Advertisement

SEAL BEACH : Council Seeks Ways to Expand Recycling

Share

The road to recycling for the city’s downtown area continues to be rocky as city officials wrestle with issues of scavenging and local alleyways that are unable to accommodate recycling trucks.

While most of the city’s trash collection was switched to recycling in February, 1994, the downtown area known as Old Town is still in need of a recycling program to help the city meet the California Integrated Waste Management Act requirements.

Seal Beach has yet to adopt a commercial recycling program for businesses throughout the city.

Advertisement

City Manager Jerry L. Bankston recommended a plan to council members a week ago, suggesting the use of 16-gallon bins or baskets for recyclable trash.
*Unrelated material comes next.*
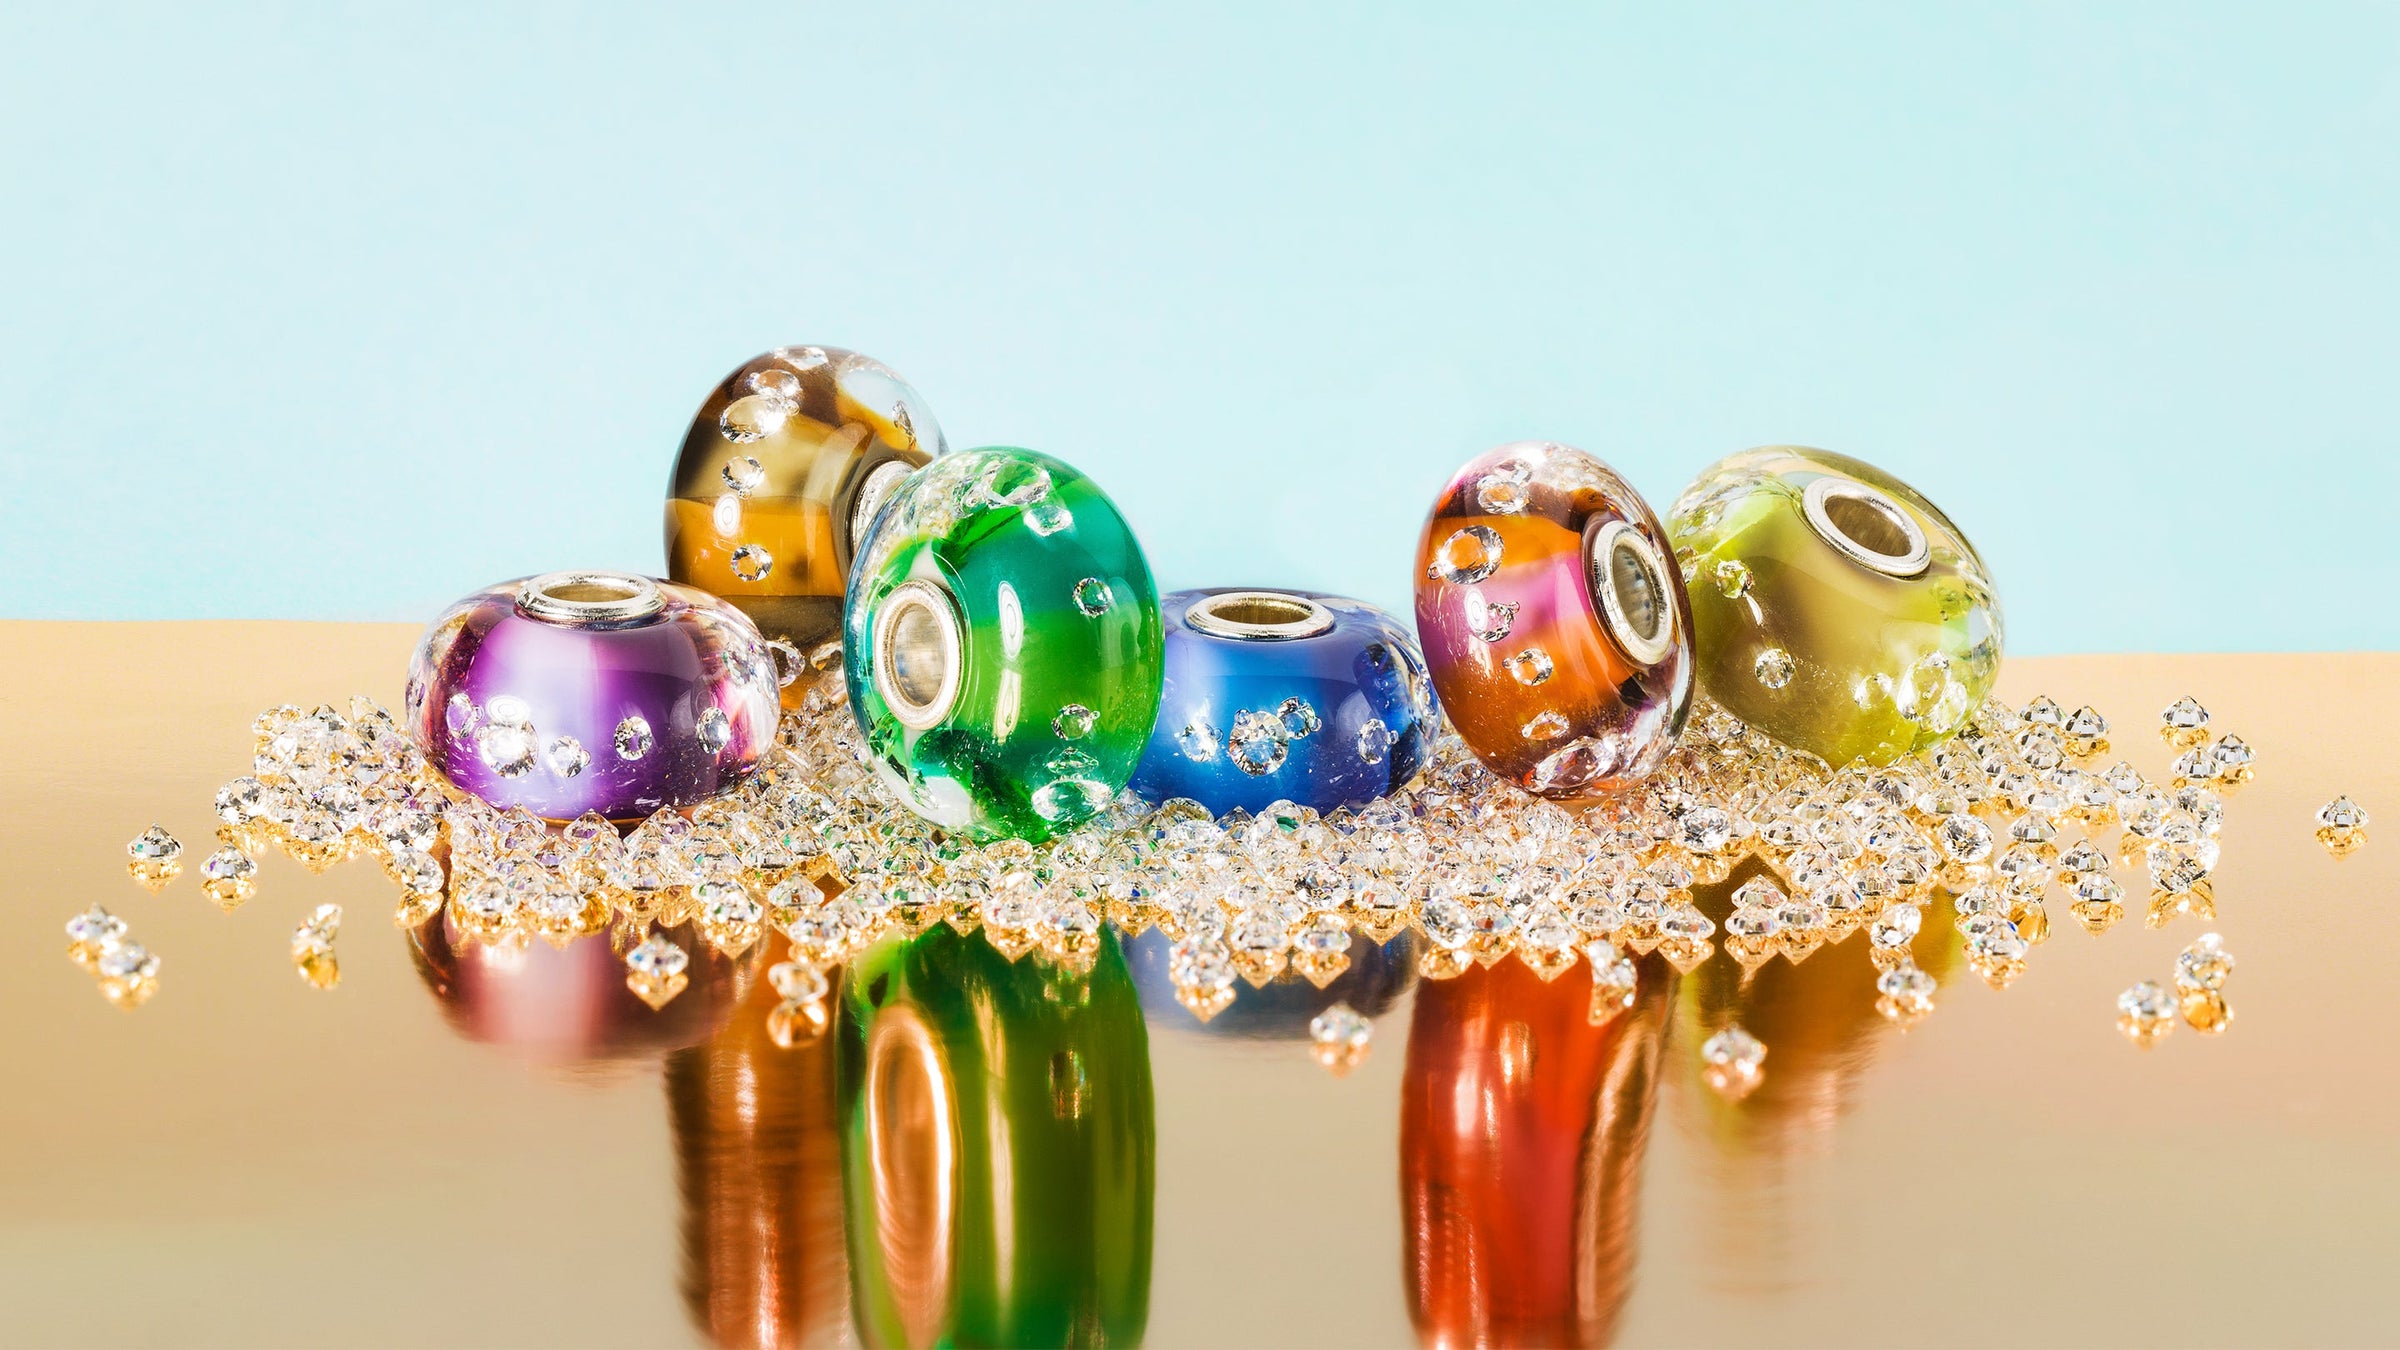 Die Kollektion enthält 6 Glasbeads. Alle Beads sind horizontal zweifarbig in knalligen Farben gehalten und enthalten 13 eingebettete Zirkonias

But Councilwoman Gwen Forsythe said the baskets would provide a field day for scavengers who seek out trash for cash.

“I think you will lose your containers,” Forsythe said. “If we go to the separate containers in the alleys--it’s shopping time.”

The state law requires all California cities to implement a plan for a 50% reduction in solid waste by the year 2000.

Any plan developed for the tight spaces of the downtown business areas and residential alleys will have to be “flexible,” Bankston said, offering merchants a choice of alternative recycling methods.

Mayor George Brown said no recycling plan will be immune to scavenging.

“If we get into a recycling program, this city is going to reap great benefits,” Brown said, “even though they scavenge part of it.”